Problem to work on:
Repeat exactly, and only, the lines of the entries below from the one with "Süße Babydecke mit" through the one with "61cd83817bfa9 Oktober 26, 2018", both ends included.

Source material:
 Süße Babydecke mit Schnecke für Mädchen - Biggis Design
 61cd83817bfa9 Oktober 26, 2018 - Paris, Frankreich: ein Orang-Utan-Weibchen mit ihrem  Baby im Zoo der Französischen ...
--
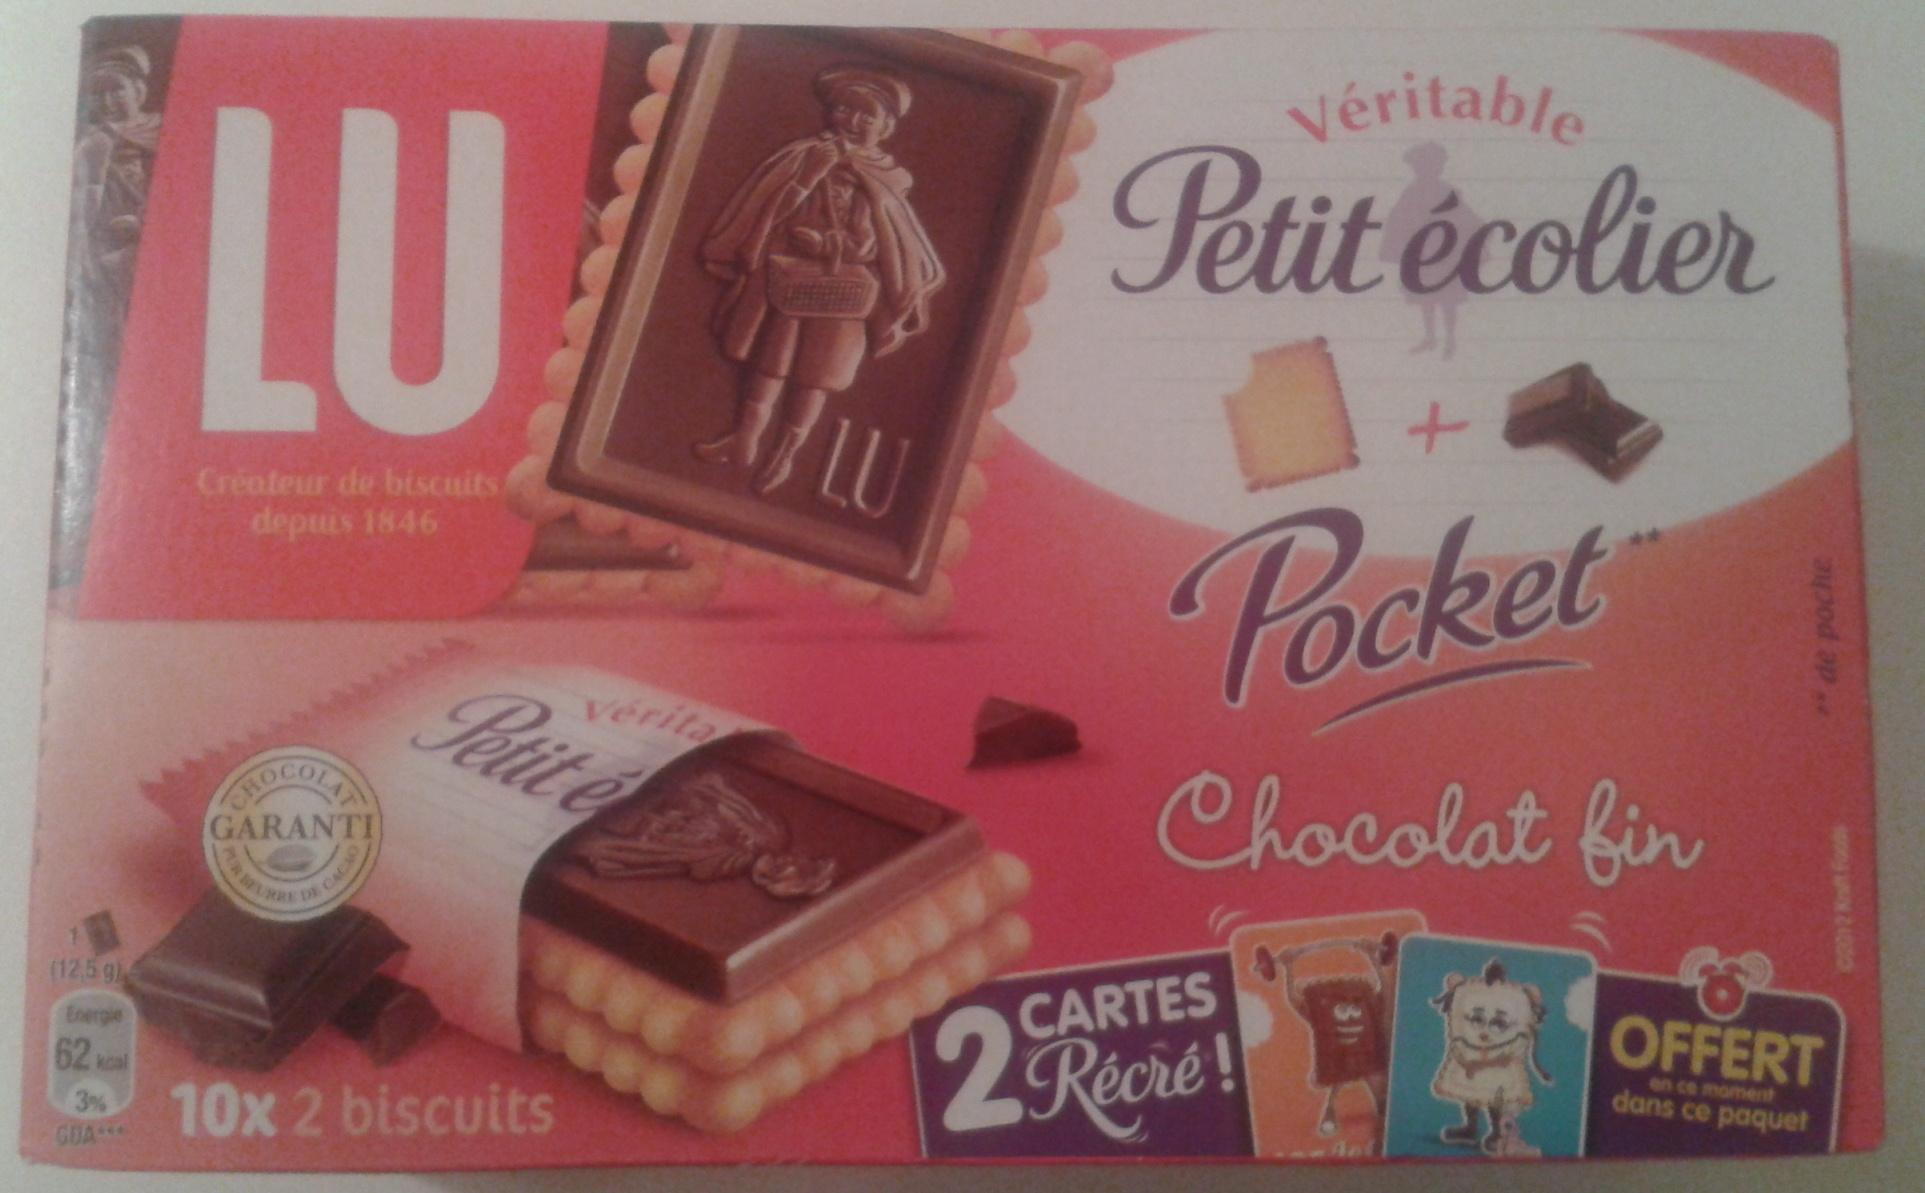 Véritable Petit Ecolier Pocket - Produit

Result of this task:
 Süße Babydecke mit Schnecke für Mädchen - Biggis Design
 61cd83817bfa9 Oktober 26, 2018 - Paris, Frankreich: ein Orang-Utan-Weibchen mit ihrem  Baby im Zoo der Französischen ...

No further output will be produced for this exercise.